Regarding public policy, the inability of the federal and state governments to implement policies and programs to stimulate job growth is prolonging our recession. There will not be a jobless recovery so, until jobs are created, our industry is continuing to experience high levels of tumult.

Public policy toward banks is also prolonging our recession as the de-leveraging process is being allowed to be spread over time, preventing the painful, but inevitable total market reset necessary to stabilize the real estate market and allow it to begin to create some positive momentum.

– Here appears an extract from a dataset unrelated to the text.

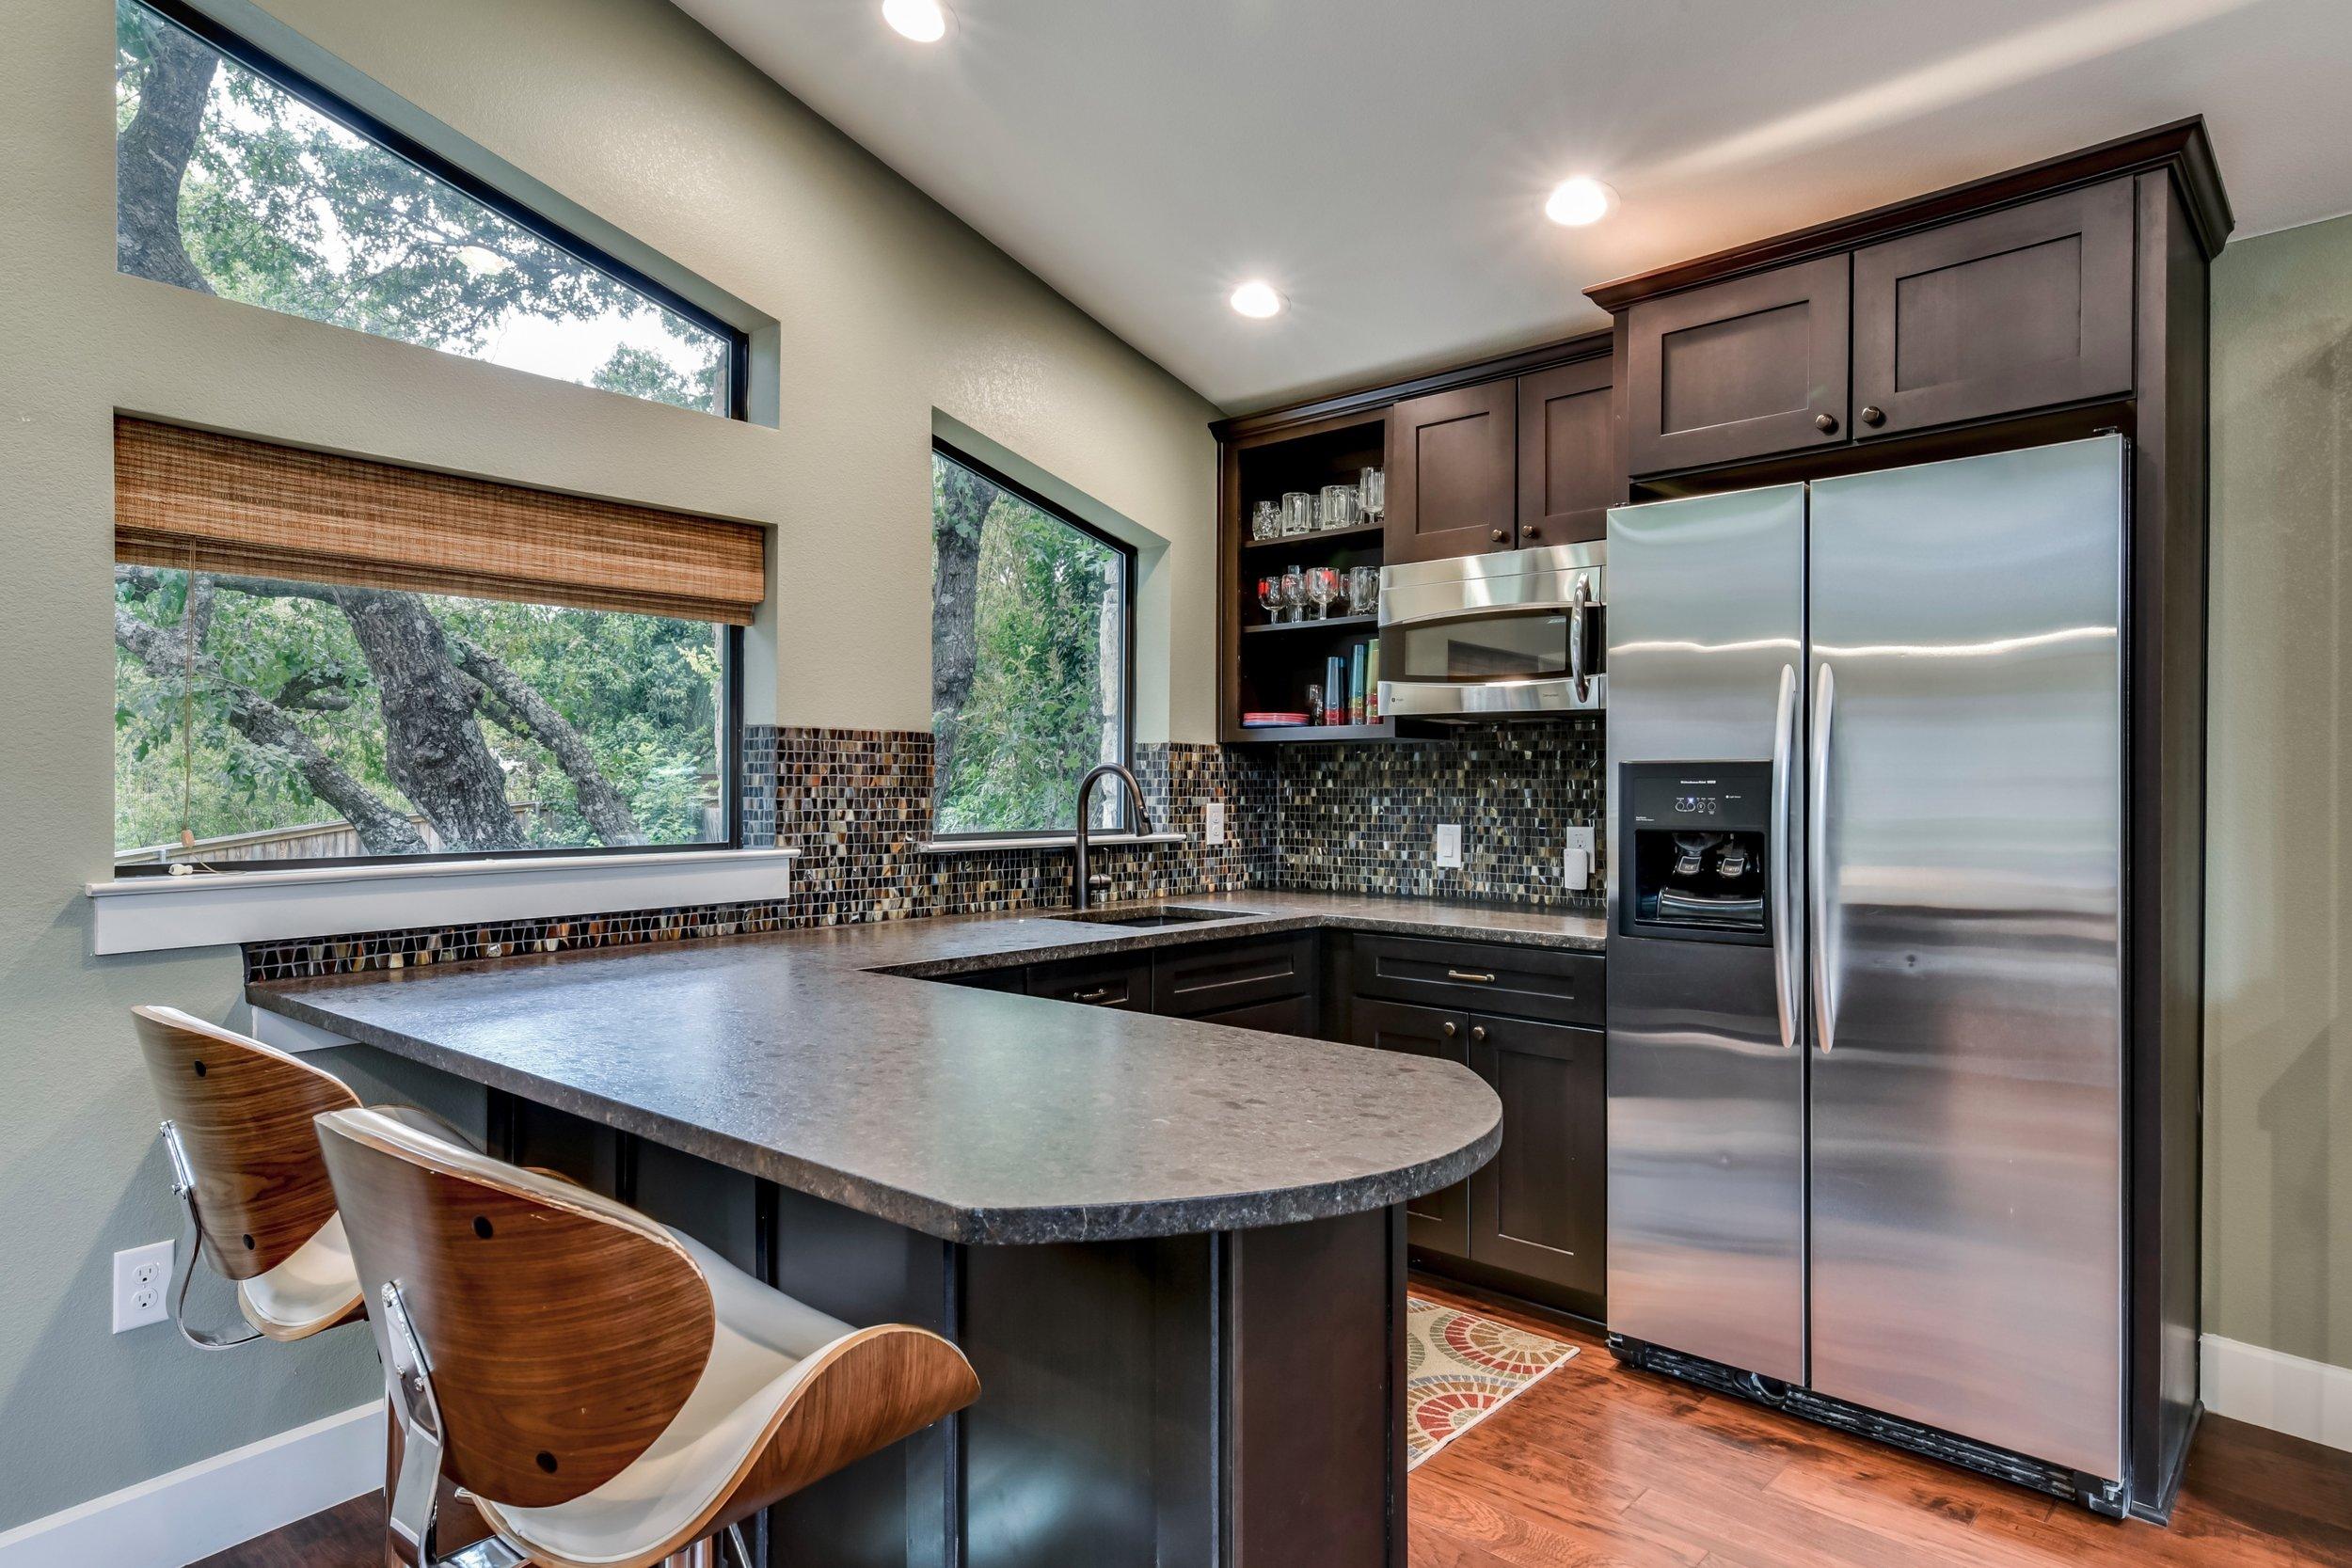 Game Room Kitchen Interior Design
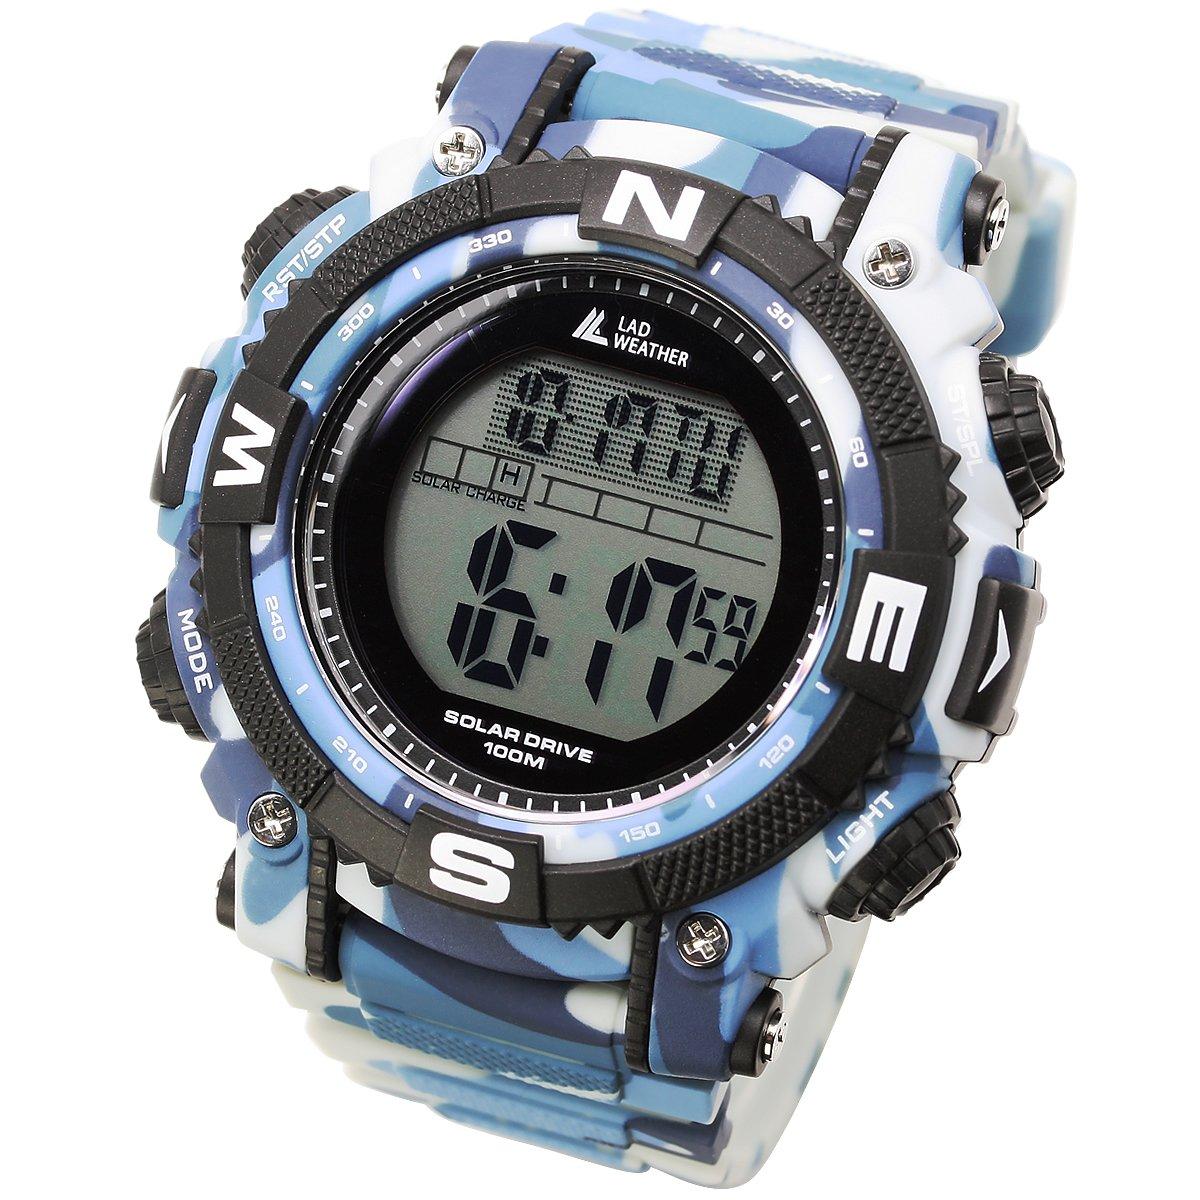 [Lad Weather] potente energía Solar Digital reloj deportivo militar vueltas reloj para hombre

TH: The boycotts are affecting the convention and tourist sector, but I do not believe that they have affected the office and industrial markets here in Arizona. Companies choose to come here due to the ease of doing business and quality of life, not due to our state’s policy on immigration. That being said, our state needs to make job creation and business attraction a primary focus. We need the Legislature and the governor’s office to make jobs our No. 1 priority. I suggest a formal jobs bill from our legislative leadership should come forward that includes a lower tax burden on hiring businesses and commercial property owners.

DW: After the initial national “knee jerk” reaction of higher deficit spending and dubious stimulus policy, leaders underestimated the outcry and we did not do a good job of getting the message out nationally. Projects have been stalled and some major players are taking a wait-and-see attitude. Any time there is substantial disturbance, those active in the market cool.